My Mother’s Hands

“Your hands have changed.”

This was the observation made by my 13-year-old daughter tonight as she sat across from me at the kitchen bar while I cooked dinner.

“They still look like yours,” she explained. “They’ve just changed over the years.”

I couldn’t help but smile.

We’ve come to find amusement in this sort of candid scrutiny from our middle daughter. She’s the child in which we pour our parenting hearts out regarding the importance of choosing friends wisely and the significance of listening to her instincts should she ever find herself in a questionable situation. She’ll sit through our entire spiel, nodding her head in agreement as she studies our faces, attentive and seemingly focused the whole time. And then, just as we believe we are indeed getting through to her, she randomly proclaims things like “Your nose is slightly crooked Dad,” or “Mom, you should let me pluck your eyebrows!”
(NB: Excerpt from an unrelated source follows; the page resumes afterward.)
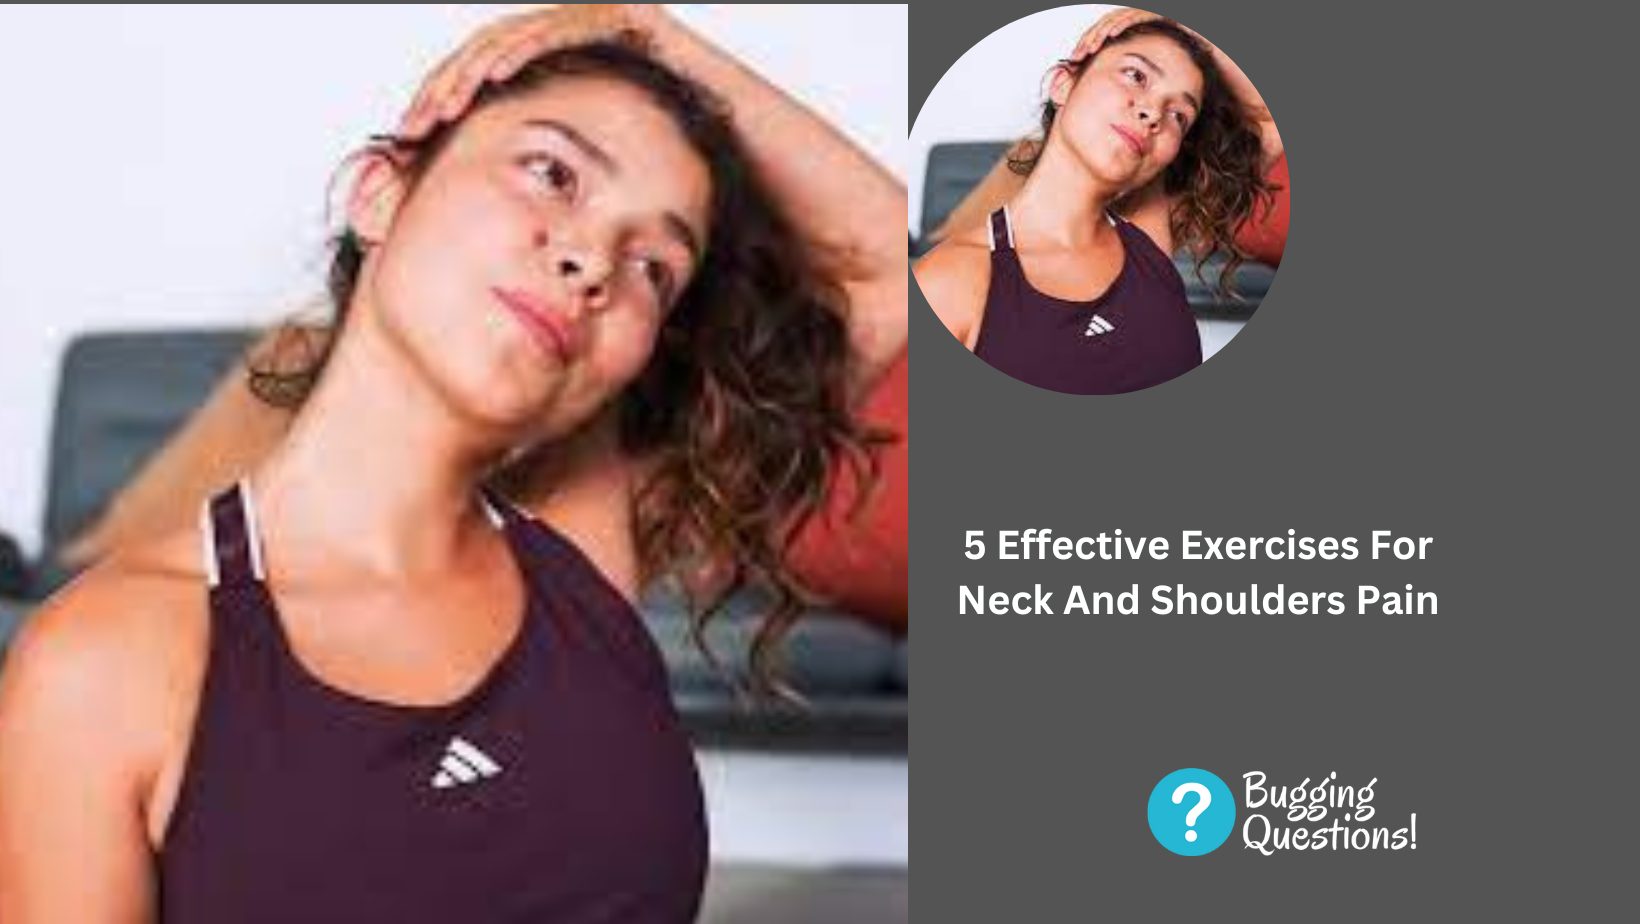 5 Effective Exercises For Neck And Shoulders Pain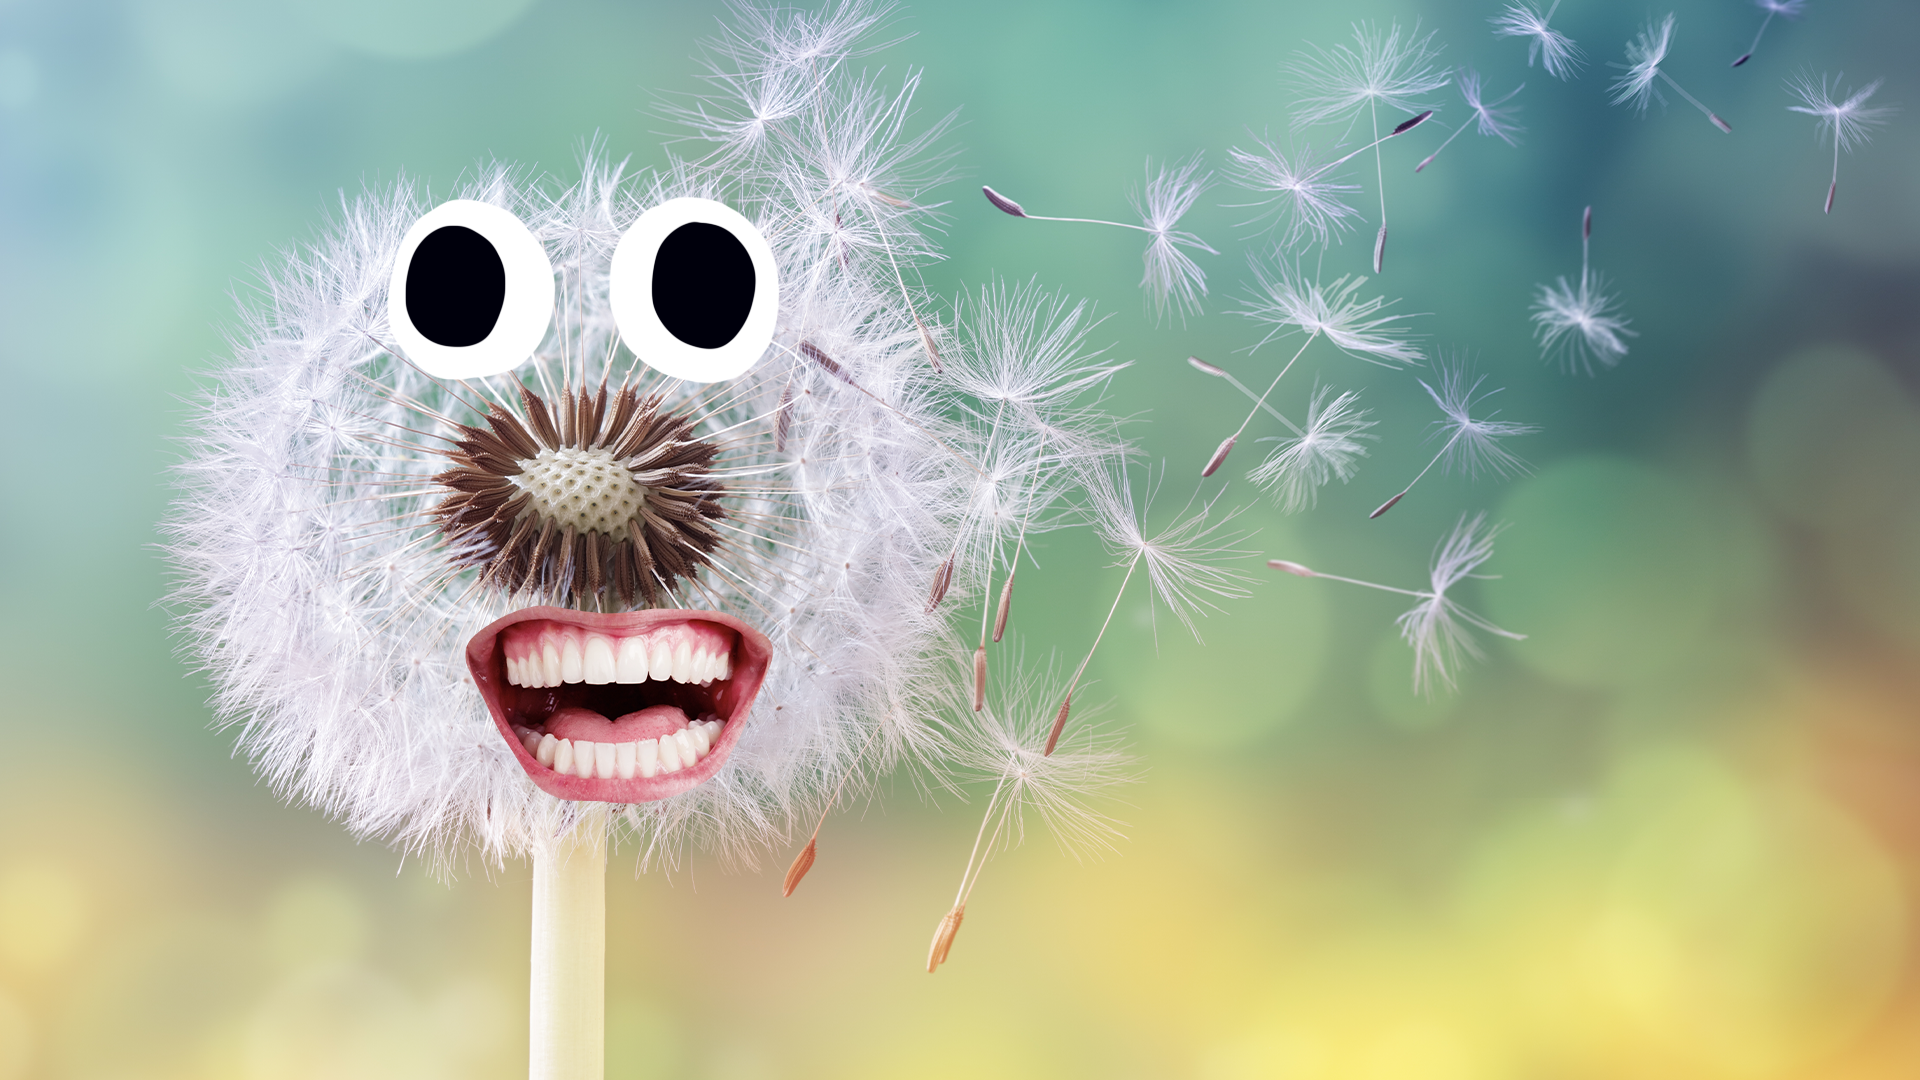 Dandelion with goofy face

The truth is, I love this about her. And quite frankly, she made my night. Her casual, sincere observation gave me pause and drew out of me wisdom and personal reflection that I’ve never deeply considered until this evening.

These hands are my Mother’s hands.

They are soft and sun-kissed, just as I remember hers to be as she slathered me in sunblock, poolside as a child. Tonight I tied on my apron, pulled my hair over my shoulder and watched as my Mother’s fingers gently, assiduously worked a braid, just as I watched her do countless times for my baby sister when we were little girls. I was folding my kitchen towels this evening. I watched my Mother’s hand move across the cotton, smooth out the wrinkles and neatly stack them one-by-one in the pantry basket. And I recognize that thumb swiping sweet potato from the corner of my son’s lips this evening at the dinner table. These are my Mother’s hands.

A friend shared strawberries with us earlier this week. I decided to whip up a pie for dessert tonight. I reached into the flour jar, sprinkled some on the countertop and pulled out my Granny’s old wooden rolling pin. As I began working the dough, the sound of the squeaking pin takes me back to my childhood on Keystone Furnace Road (I always loved the name of that road) and into my Granny’s country kitchen. Once green and vibrant, the wooden handles on the pin are now faded, worn and just slightly bent from decades of turning out deliciousness for family feasts. Yes. I’m familiar with the protruding sharpness of that one specific bone on these petite wrists and I recognize these pronounced, white knuckles as I grip the pin tightly, firmly pressing down on the dough before me. These are my Granny’s hands.

And as I sit here tonight scratching these words out, pencil to paper, I recognize this handwriting. The curve of the “r” and the tail on the “t” and I know these strong nails and this familiar crease in my palm. Signatures of a soul who’s creativity will continue to live on through generation after generation. These are my Gram’s hands.

I’m grateful to know my daughter sees the little things about me, like my hands and the way they’ve changed over the years. For these little things will become big things, cherished things later in life.IMG_7094

Gram & Granny… This picture was taken when I was 15-years-old, right before I went to Homecoming with my Hunk… Yes, The same Hunk I married 7 years later. 😉


6 thoughts on “My Mother’s Hands

  1. I love this. I remember noticing my grandma’s hands as she snapped the tops off of green beans and thinking about how they look like working hands. I couldn’t help but smile reading this as I have my Granny’s rolling pin, too 🙂 It still had some flour on it when I moved here (into her house after she passed away) and I cherish that rolling pin!